> DATA BLOCK:
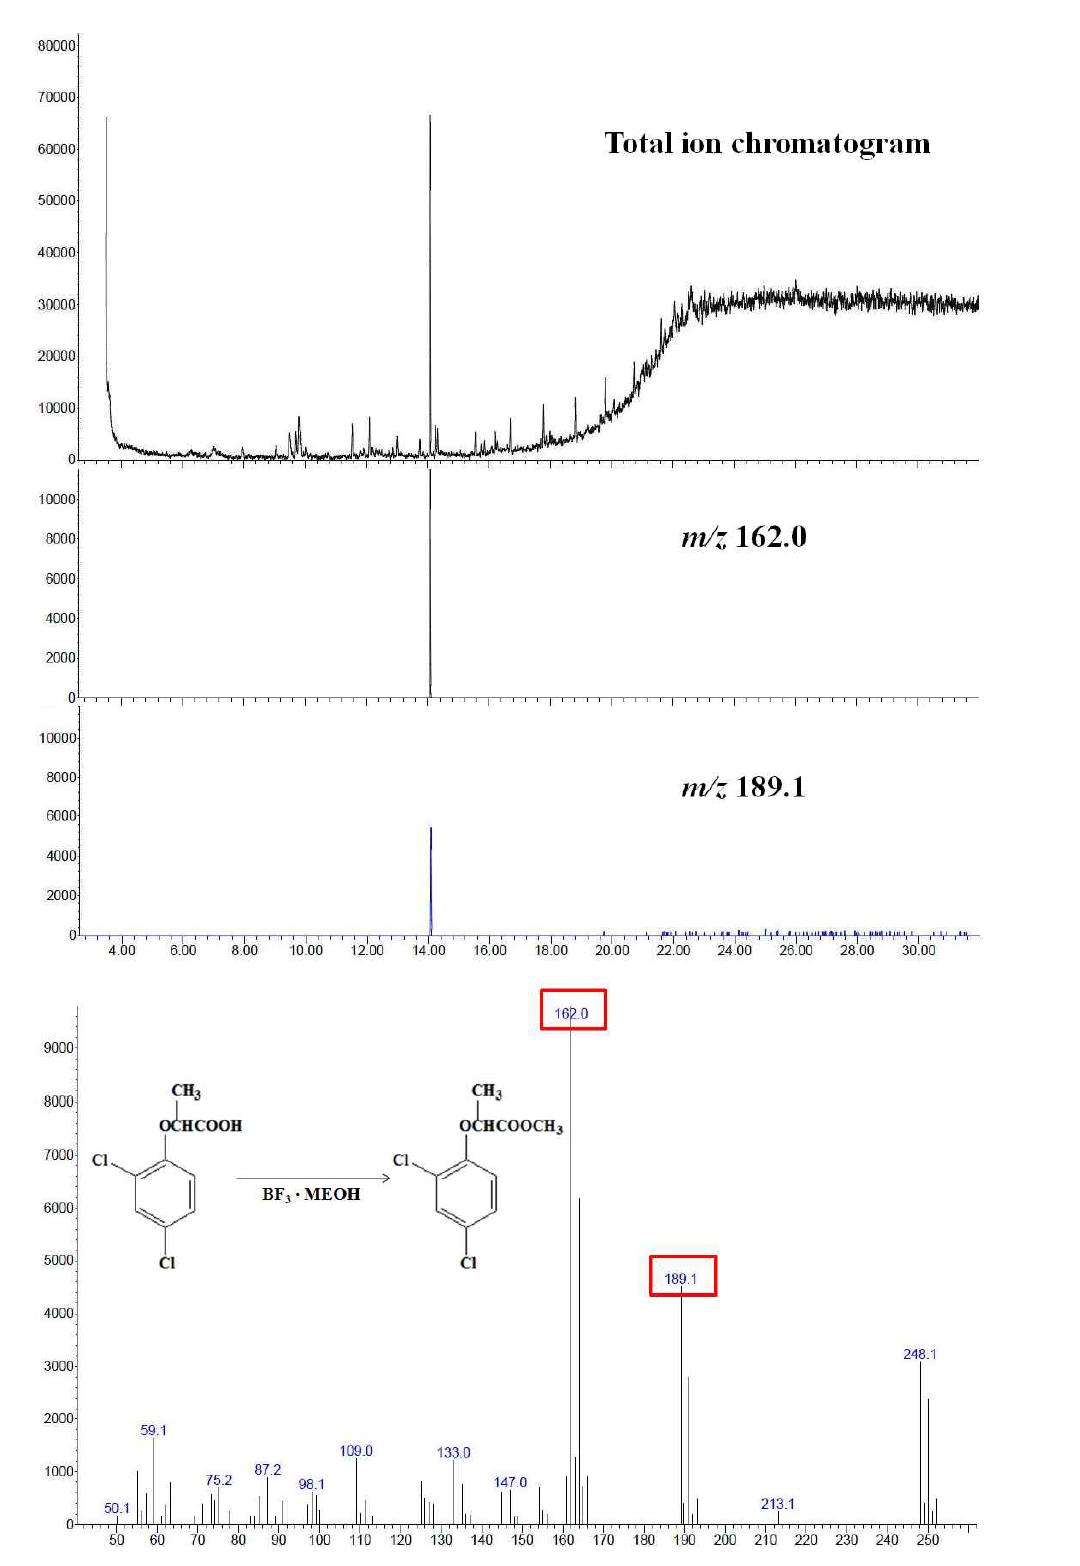 Total ion chromatogram and spectrum of dichorprop analyzed by GC/MSD (0.5 μg).
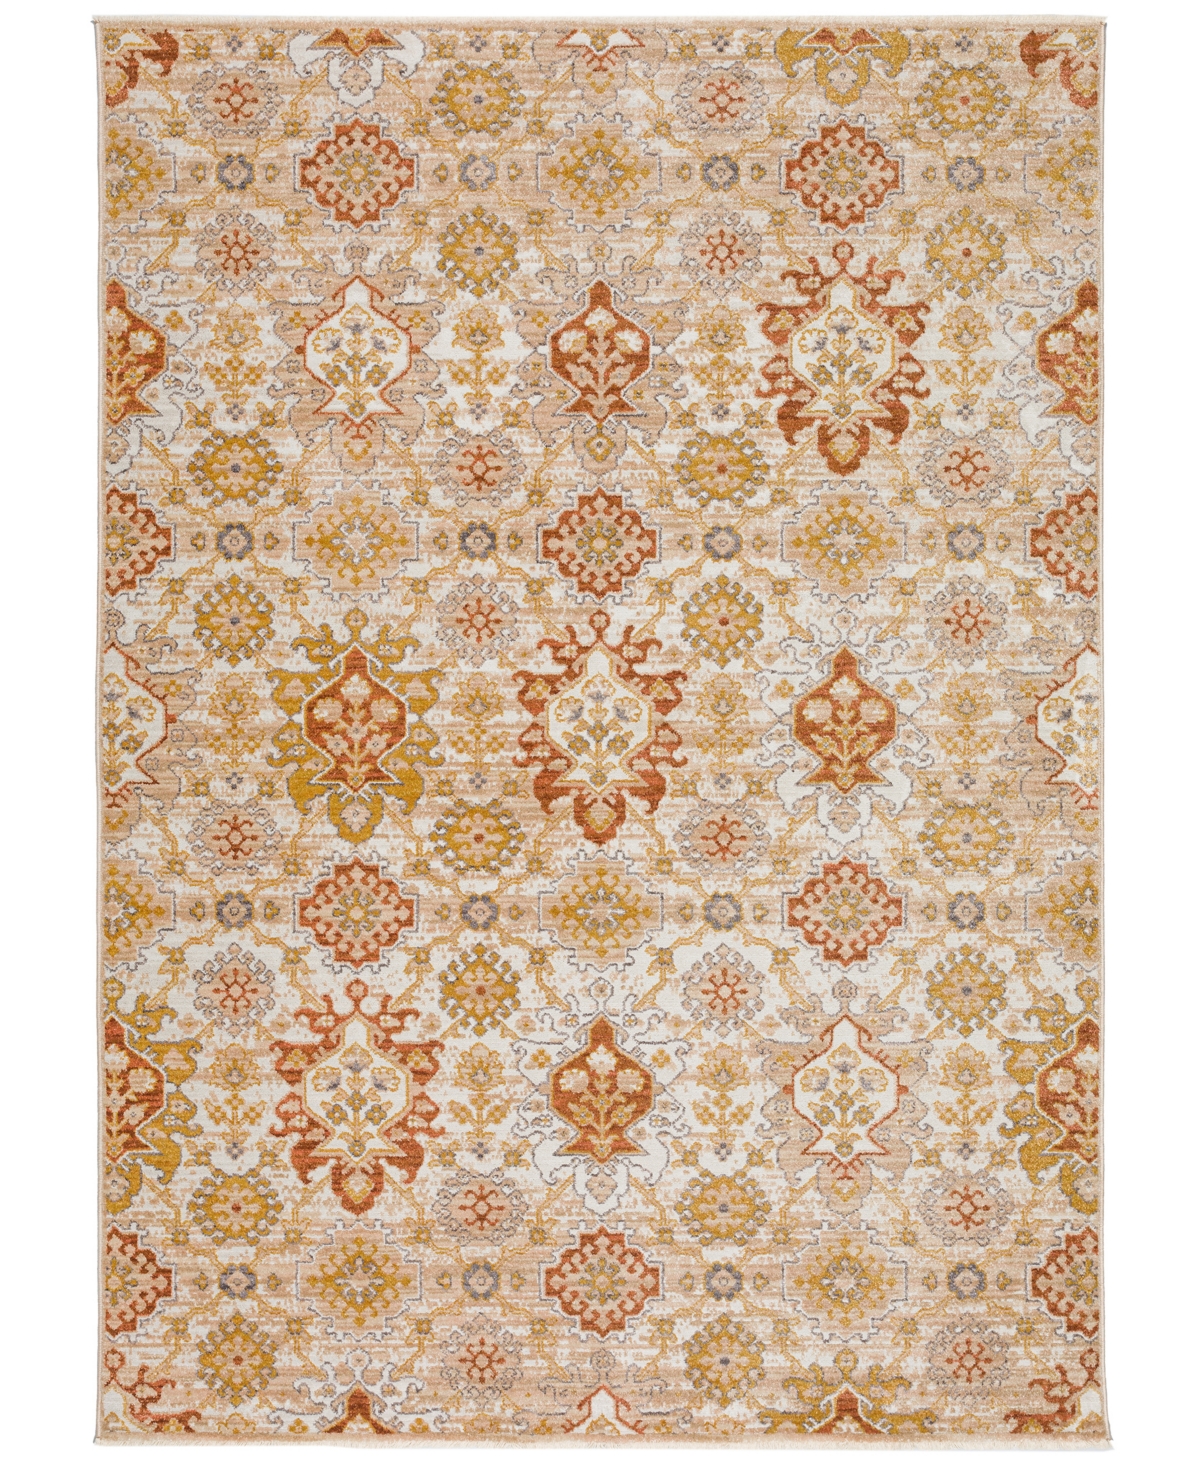 D Style Sergey Sgy7 7'10" X 10' Area Rug In Beige
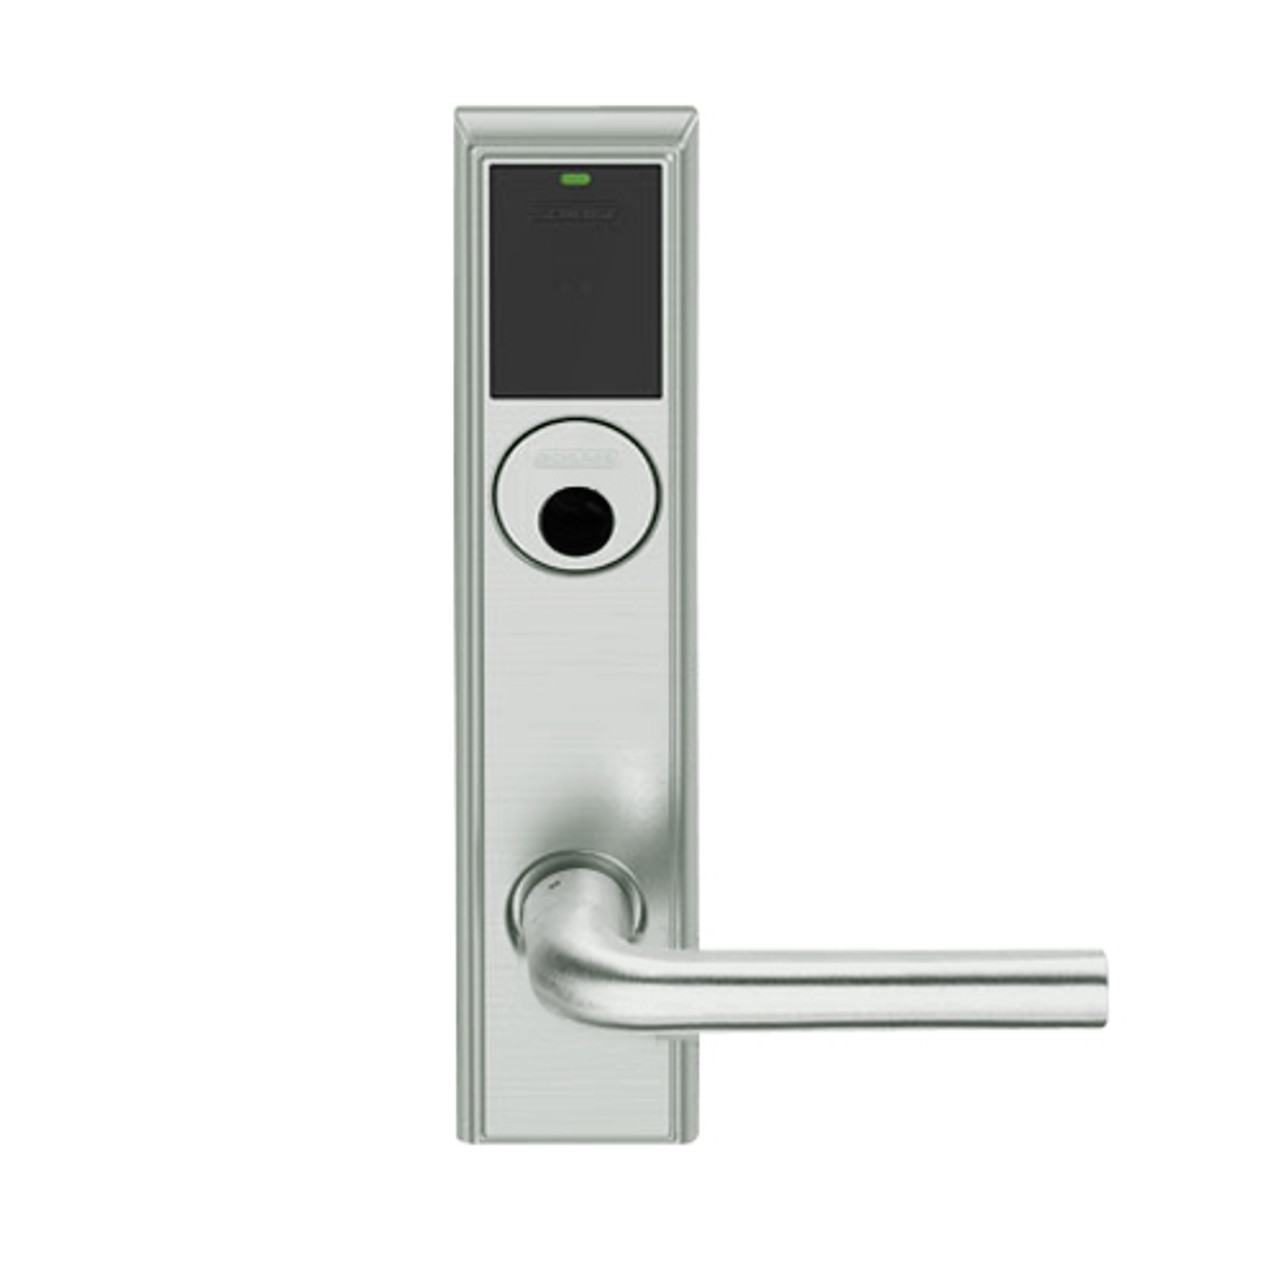 LEMD-ADD-L-02-619 Schlage Less Mortise Cylinder Privacy/Apartment Wireless Addison Mortise Deadbolt Lock with LED and 02 Lever in Satin Nickel

> WHAT YOU ARE ASKED TO DO: What is needed is an exact repetition of every line from the line with "D Style Sergey" to the end of the data above, both ends included, with no pictures.

> RESPONSE:
 D Style Sergey Sgy7 7'10" X 10' Area Rug In Beige
 LEMD-ADD-L-02-619 Schlage Less Mortise Cylinder Privacy/Apartment Wireless Addison Mortise Deadbolt Lock with LED and 02 Lever in Satin Nickel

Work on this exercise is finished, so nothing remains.